Workshop Report 32

Background

Non-(protein-)coding RNAs (ncRNAs) are broadly classified according to their length as long noncoding RNAs (lncRNAs; >150-200 nucleotides (nt)) and short ncRNAs (<150-200 nt) (Wright and Bruford, 2011). Between 4 and 10% of lncRNAs are processed to shorter RNAs (Kapranov et al, 2007; Derrien et al, 2012). Major classes of short ncRNAs include (1) endogenous microRNAs (miRNAs; approximately 19-25 nt) that are first produced as double-stranded ‘miRNA duplex’ (in which form they may also be used as therapeutic agents), whereas mature miRNAs are single-stranded and associated with RNA-induced silencing complexes (Kim, 2005; Winter et al, 2009); (2) endogenous Piwi-interacting RNA (piRNA; single-stranded, 24-31 nt; Piwi: P-element induced wimpy testis in Drosophila) that are involved in long-term transgenerational messenger RNA (mRNA) suppression in reproductive organs; (3) endogenous or synthetically produced short interfering RNAs (siRNAs; double-stranded, 20-24 nt) that induce degradation of transposable elements or mRNA targets, the latter being used as research tools in mammals (Watanabe et al, 2006, 2008; Arrigo and Pulliero, 2015; Wright and Bruford, 2011).
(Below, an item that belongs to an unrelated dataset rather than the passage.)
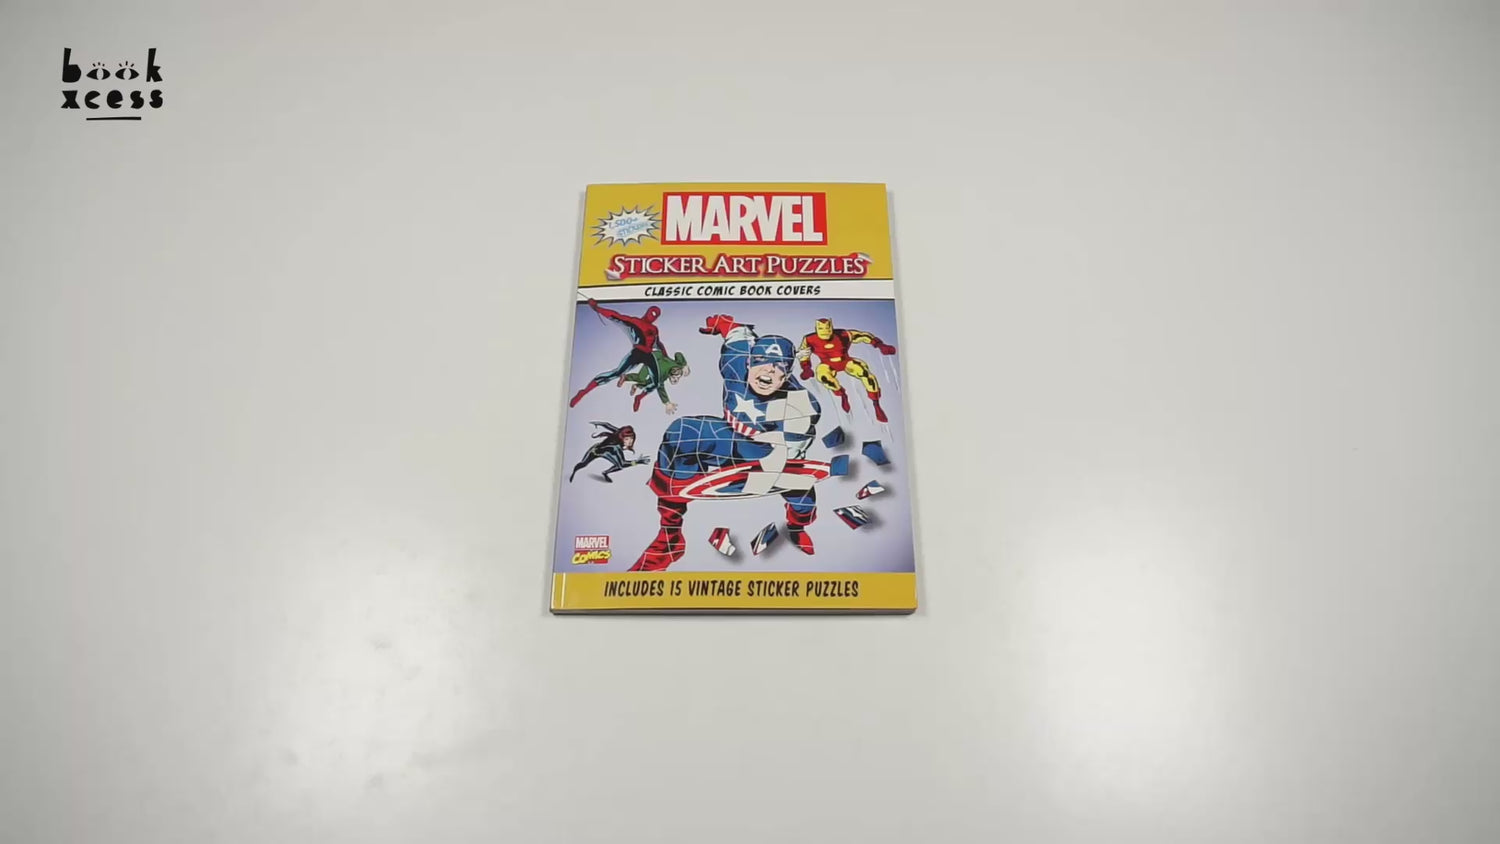 Marvel Sticker Art Puzzles, Book by Editors of Thunder Bay Press, Official Publisher Page

Since knowledge on the existence and functionalities of different forms of ncRNAs is evolving rapidly, this classification of different forms of ncRNA is most likely not yet definite. Further classes of short ncRNAs are known and continue to be discovered, e.g. small nuclear RNA, small nucleolar RNA, vault RNA, or Y RNA (Martens-Uzunova et al, 2013; Kowalski and Krude, 2015).

Generally, endogenous ncRNAs have been found to be involved in post-transcriptional gene silencing, epigenetic regulation and mediation of physical and chemical environmental signals. However, although knowledge on how substances may influence the functionality of ncRNAs is growing, the potential role of ncRNAs in regulatory toxicology and the risk assessment (RA) of such substances is unclear. (Throughout this report, the term ‘substance’ is used as defined in Regulation (EC) No 1907/2006 on the Registration, Authorisation, Evaluation and Restriction of Substances (REACH), i.e. a chemical element and its compounds in the natural state or obtained by any manufacturing process, including, as applicable, necessary stabilising additives and impurities deriving from the given production process.)

As Alan Poole, Secretary General of the European Centre for the Ecotoxicology and Toxicology of Chemicals (ECETOC, Belgium), outlined in his welcome to the workshop participants, ECETOC aims at generating knowledge that regulators can use for action. In pursuing this goal, ECETOC collaborates closely with the European Chemical Industry Council Long-range Research Initiative (Cefic LRI) that funds research to generate science-based knowledge that may be used to assess and ensure the safety of substances. The ECETOC workshop ncRNAs and risk assessment science aimed at reaching a common understanding on the state-of-the-art research on ncRNAs, on the implications of ncRNA expression profile changes for the evolvement of apical effects, i.e. the observable outcomes of substance exposure to test animals (OECD, 2012), and the current and potential future role of ncRNAs in regulatory toxicology and RA. The deliverables of this workshop were not only to prepare a report that would be further processed into a manuscript to be submitted to a peer-reviewed open-access journal, but also to outline proposals for Cefic LRI-funded research to be put forward for funding in 2016 and, possibly, proposals for research to be suggested for public funding, e.g. under the European Commission programme for research and innovation Horizon 2020.